One of Middletown’s historic icons is getting an upgrade.
On Friday, a team with Shrake Construction and Santos Crane Service removed the entire sail complex and damaged windshaft of the Boyd’s Wind Grist Mill in Paradise Valley Park on Prospect Avenue. It’s the first time the eight sails have been off the windmill at one time since 1996.
In coming weeks, the windshaft and several of the sails will be repaired by Shrake Construction, the Brewster, Massachusetts firm that specializes in historic windmill restorations like the one overseen by the Middletown Historical Society.
Historical society officials said the windmill will remain open during normal visiting hours Sundays from 2-4 pm, but the sail unit is strictly off limits and subject to 24/7 monitoring by the Middletown Police.
“I think it’s pretty obvious, but we’re proud of our work,” Andy Shrake said during a lunch break from his firm’s work. “It stands on it’s own and what we do is pretty unique.”
The history of the windmill is a story all by itself. Originally located in Portsmouth, Shrake helped move the windmill to its current location in the 1990s after the property where it was based was being sold off.
According to historical society President Mary Dennis, the grist mill is the only windmill of its kind with eight sails in the country.
She said it hasn’t been run in a couple years after Shrake said there was something seriously wrong with the windshaft, which connects the sails to the rest of the windmill.
“I still remember Andy saying ‘I think we have a problem’ with the windshaft when he was doing some regular maintenance on the windmill,” said Dennis after dropping off grinders and drinks for the crew. “We haven’t run it since because we were afraid to make it worse.”

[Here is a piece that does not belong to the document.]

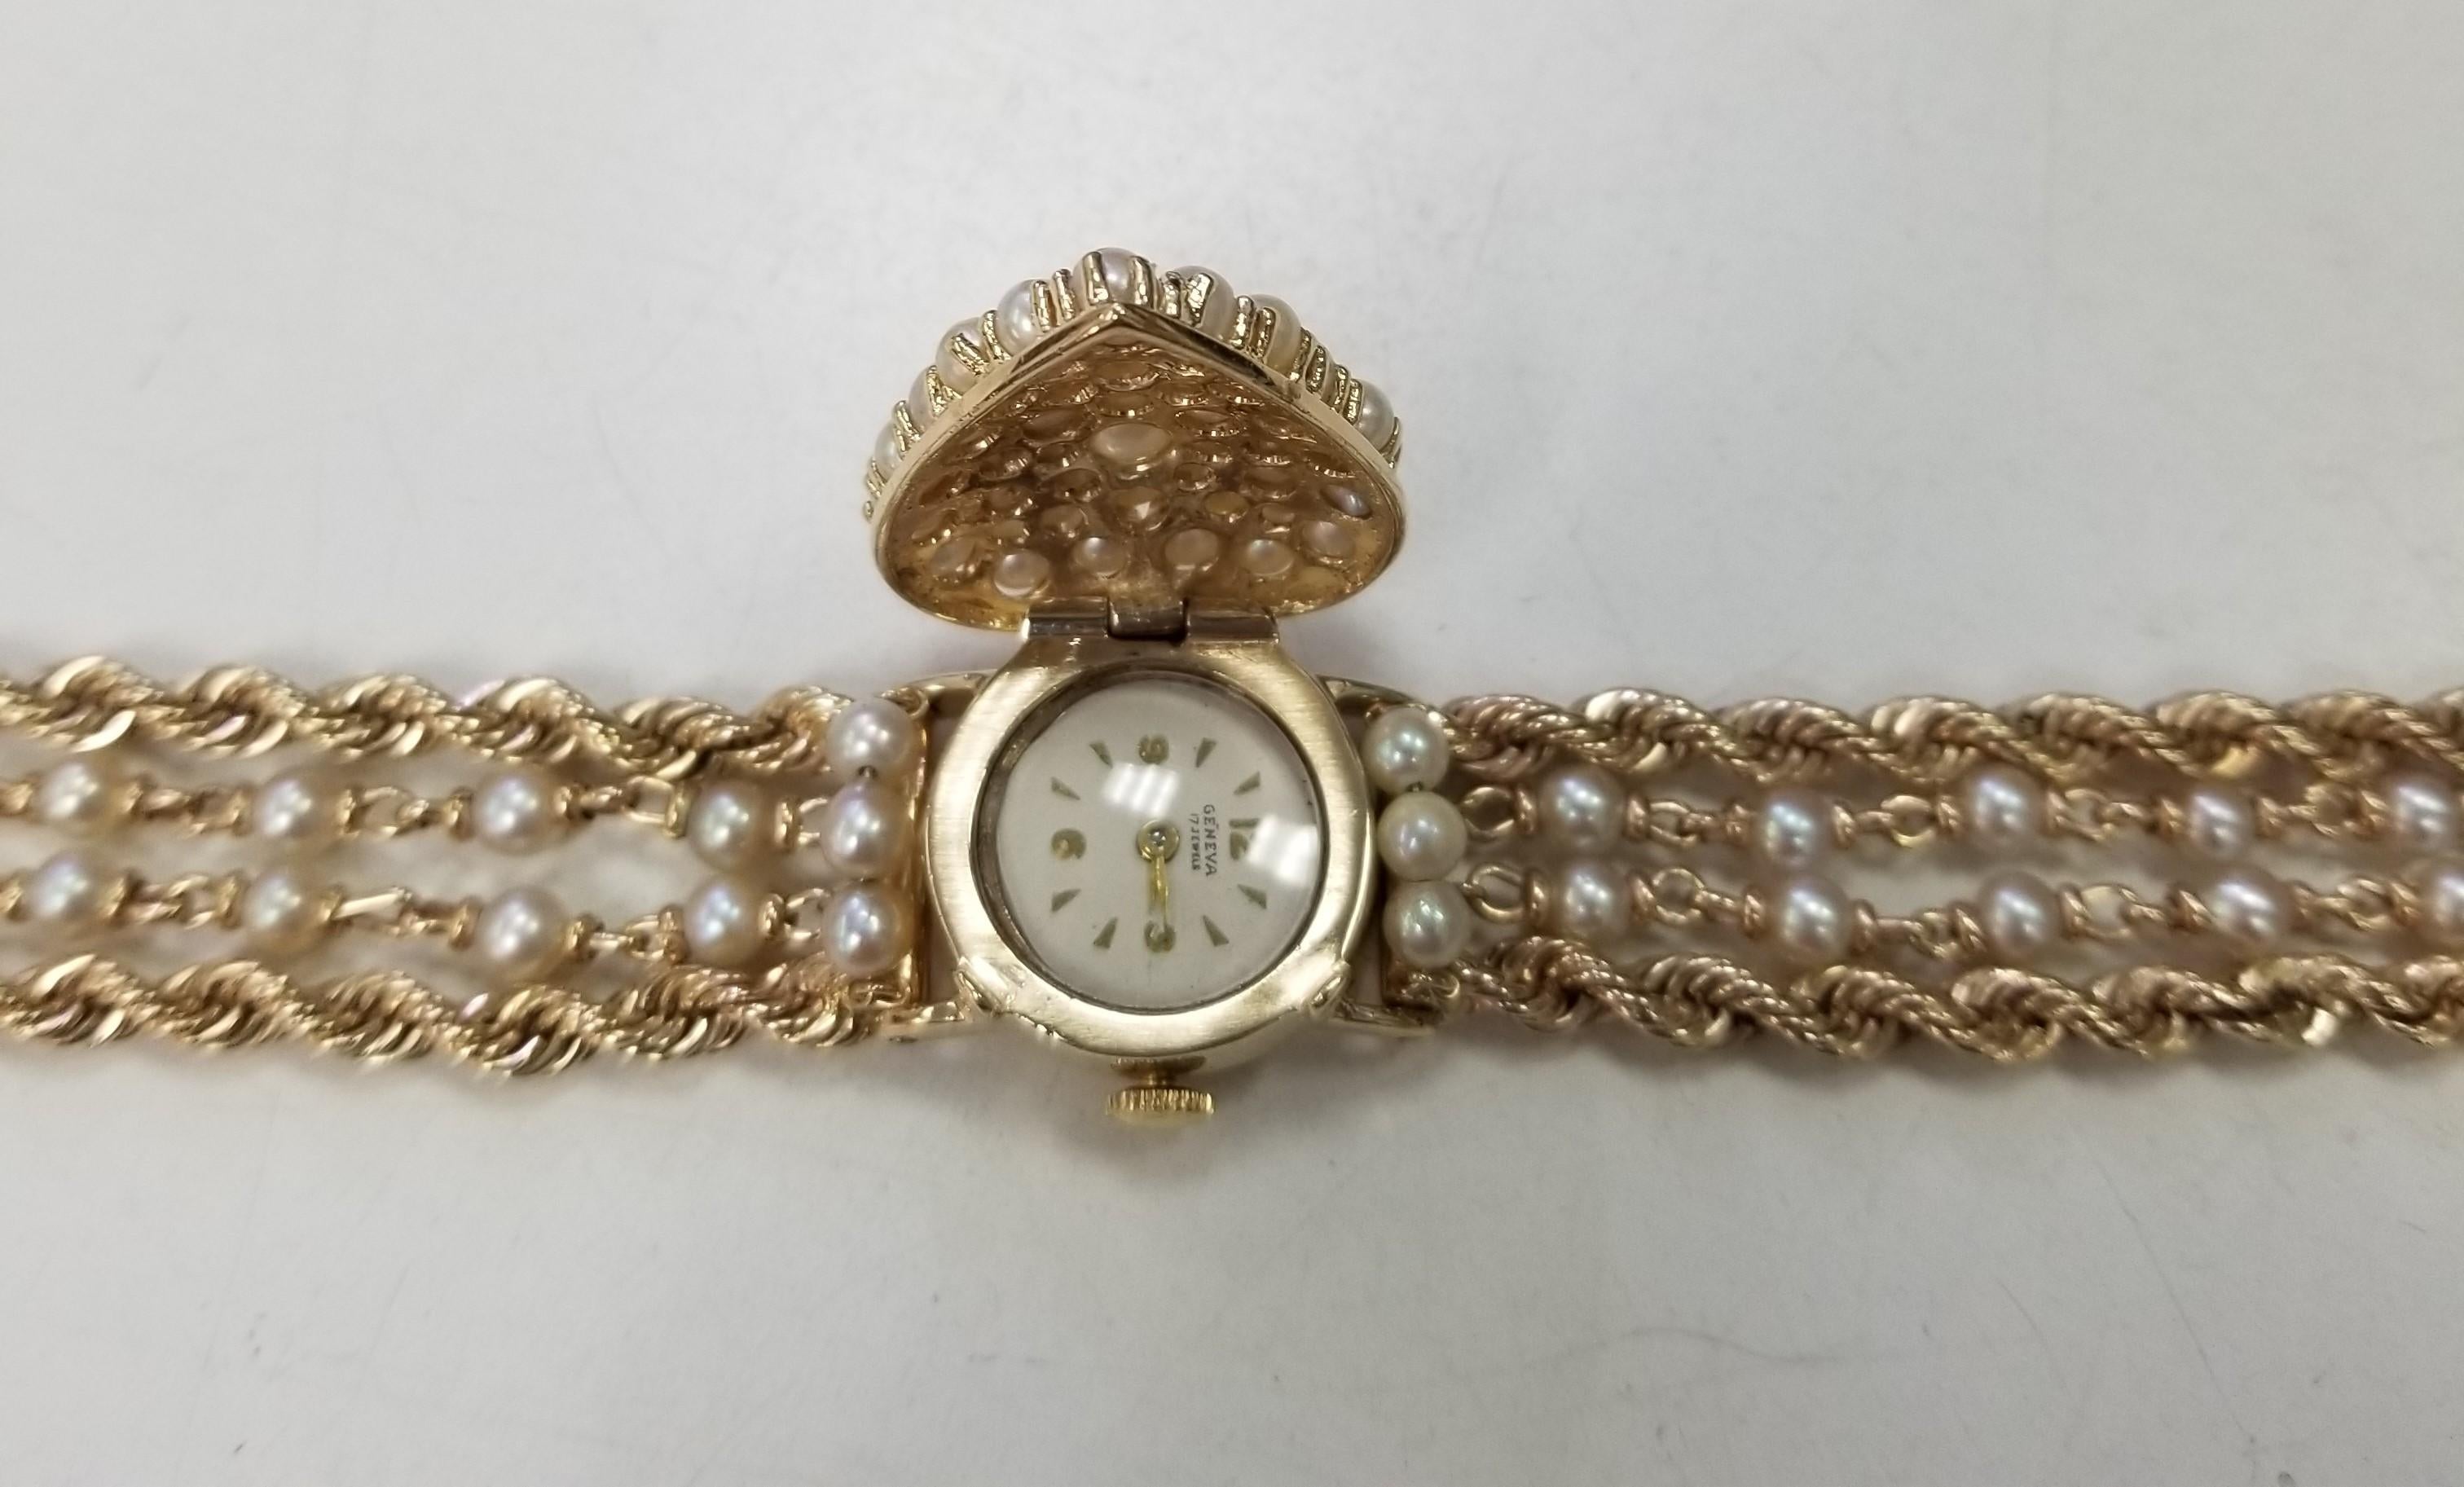 Vintage Geneve 14 Karat Yellow Pearl & Gold Rope Bracelet watch with hidden Watch.  The watch is a Geneve 17 jewel manual movement with a safety clasp.  The Watch has a serviced movement.  The width is 26mm and weighs 73 grams. The whole watch

“You can tell there’s something wrong with it based on the sound,” Shrake said. “It’s not good in a windmill to hear a sound that isn’t right. “
Shrake said the tree used to make the driveshaft was an 180-year-old white pine from Cornwall, Connecticut. The same tree was used to carve a driveshaft for a similar project for a windmill in Jamestown.
While many of the sails are made from Holland mahogany — and extremely hard wood — Shrake said white pine was used for the windshaft because it doesn’t crack and is more widely available.
The windshaft for the grist mill was on site Friday on the back of a trailer, so large that it dwarfed Dennis and everything else nearby.
“Look at this. It’s like a work of art,” Dennis said, standing next to the massive wooden piece. “This was all shaped by hand. This is a beautiful piece of work and it belongs in a museum. You don’t see craftsmanship like this much anymore.”
In order for the project to come together, the first step was to build a temporary sand road into the park from Prospect Avenue.
Without such a path, Dennis said the heavy crane operated by Billy Santos — son of the late Councilwoman M. Theresa Santos — would sink into the ground because of the wet park soil.
After the sail and windshaft were disconnected from the grist mill, Dennis said Shrake and his team used a number of ropes to guide the assembly away from the main building before placing it on the ground without damaging it.
The fact there was no wind or lousy weather to deal with helped make the operation go as smooth as possible.
Watching the action unfold, Dennis said she couldn’t help but marvel at how history was unfolding before her eyes.
“We are saving history,” Dennis said. “Other places have waterwheels, but we have windmills because we don’t have rivers that can generate the necessary power. Windmills are so unique and I can’t help but draw a parallel to what’s happening off Block Island (with the wind farm) and how everything is coming full circle.”
Thinking back to the first tour she ever gave of the grist mill, Dennis said everyone who visits on Sunday afternoons comes away amazed.
Whether it’s the original bill of sale for the windmill in 1810 from John Peterson to William Boyd etched into a piece of wood inside to the gears and smell of the place, she said history is everywhere you look.
“The first tour I gave was to a Naval officer from Holland, where there are a lot of windmills,” Dennis said, laughing. “He asked what made windmills in America different from windmills in Holland and I didn’t know, so I handed him a copy of a diagram we have here and asked him to try to figure it out.”